FOLIO Project Update – Week of June 17, 2019

The FOLIO Technical Council had several meetings at the FOLIO F2F event, primarily centered on Tech Debt and alignment with the Product Council. It presented its findings on Tech Debt to the Product Council.

The Consortia SIG held a “consortia implementers” workshop at the FOLIO F2F meeting (meeting notes). In the coming weeks, we’ll be working on a few follow-up activities: (1) codifying terminology around language related to multi-tenancy, (2) identifying/describing various tiers of resource sharing/ILL, (3) working on user stories and requirements for “unmediated cross-tenant borrowing”, and (4) discussing the LDP as it relates to consortia implementation models.

There were several Metadata Management SIG sessions at the FOLIO F2F meeting. They kicked off their capacity plan review process for Inventory (notes), talked about entity and identity management (notes), and ran an Inventory search bugfest for the Clover release. They also participated in cross-app discussions about Container records and met with the Reporting SIG.

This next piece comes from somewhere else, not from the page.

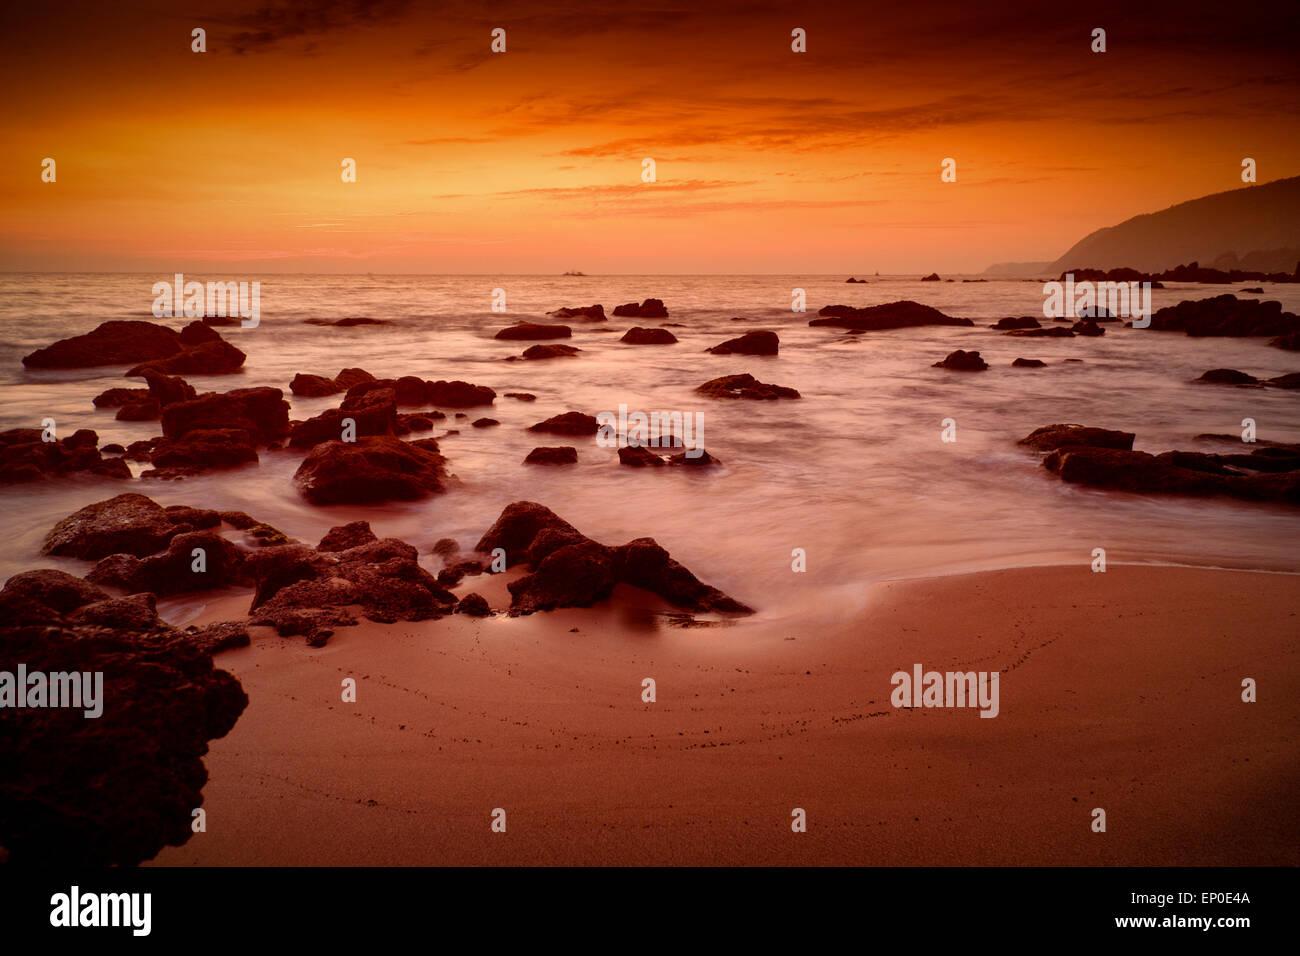 Sunset posluminiscencia en cola Playa, Canacona,Goa, India Imagen De Stock

The Sys Ops & Mgt SIG shared experiences and summaries of the FOLIO F2F meeting: They will use a container based reference deployment for FOLIO based on Kubernetes. This is where they will focus with documentation and “play books”. Dependency Resolution: they concluded that OKAPI should provide metadata via YAML for posting to Kubernetes and Rancher. Upgrading and updating: Cluster switching (blue/green upgrade pattern) will meet our requirements sufficiently. This is very high priority; it needs to happen very soon. Furthermore, they want to lower the barriers to entry and create a sandbox environment. Kubernetes might be too complex for this. It currently uses too much memory. Technical debt needs to be resolved as well. Main conclusions from Data Migration sessions:

  1. Need bulk API’s for loading data.
  2. MARC data is the most complex that needs to be mapped to the inventory data model.  The mapping currently can’t be easily modified.
  3. Matching records and maintaining relationships between barcodes, overlay, deltas, etc.

With some work, they can create a migration manual today, because lots of tools already exist. Bulk API’s are the only major issue but are planned to be upgraded ASAP.

The Community Outreach SIG reports that the face-to-face meeting had 87 attendees and the feedback was overall extremely positive. The community is looking forward to meeting again at WOLFcon. Outcomes for the Community Outreach SIG from the face-to-face meeting:

  1. Work with Darcy Brancini to promote PO and tester roles to current community members, including hosting a forum for perspective POs to hear about the role from current POs
  2. Promote the project to new developers to join the community
  3. Help create and share an onboarding process
  4. Work with Ian Walls (ByWater) on documentation
  5. Reach out to open source dev community
  6. Create a plan to promote the “wow” in the project including cool things that the platform currently does that other ILSs can’t/don’t do; we have a community-built platform; we are an international community
  7. Promote upcoming milestones: Chalmers, other implementations, etc.
  8. Join the implementers SIG
  9. Find ways to collaborate to take the info discussed in this SIG and push it out the community

ALA: The community hosted three events. The panel on Saturday morning, which had about 80 attendees went really well. The reception was well attended, and the community always looks forward to it. The panel on Sunday was with Jesse Koennekke, Kevin Kidd, Lynn Bailey and Andrew Nagy.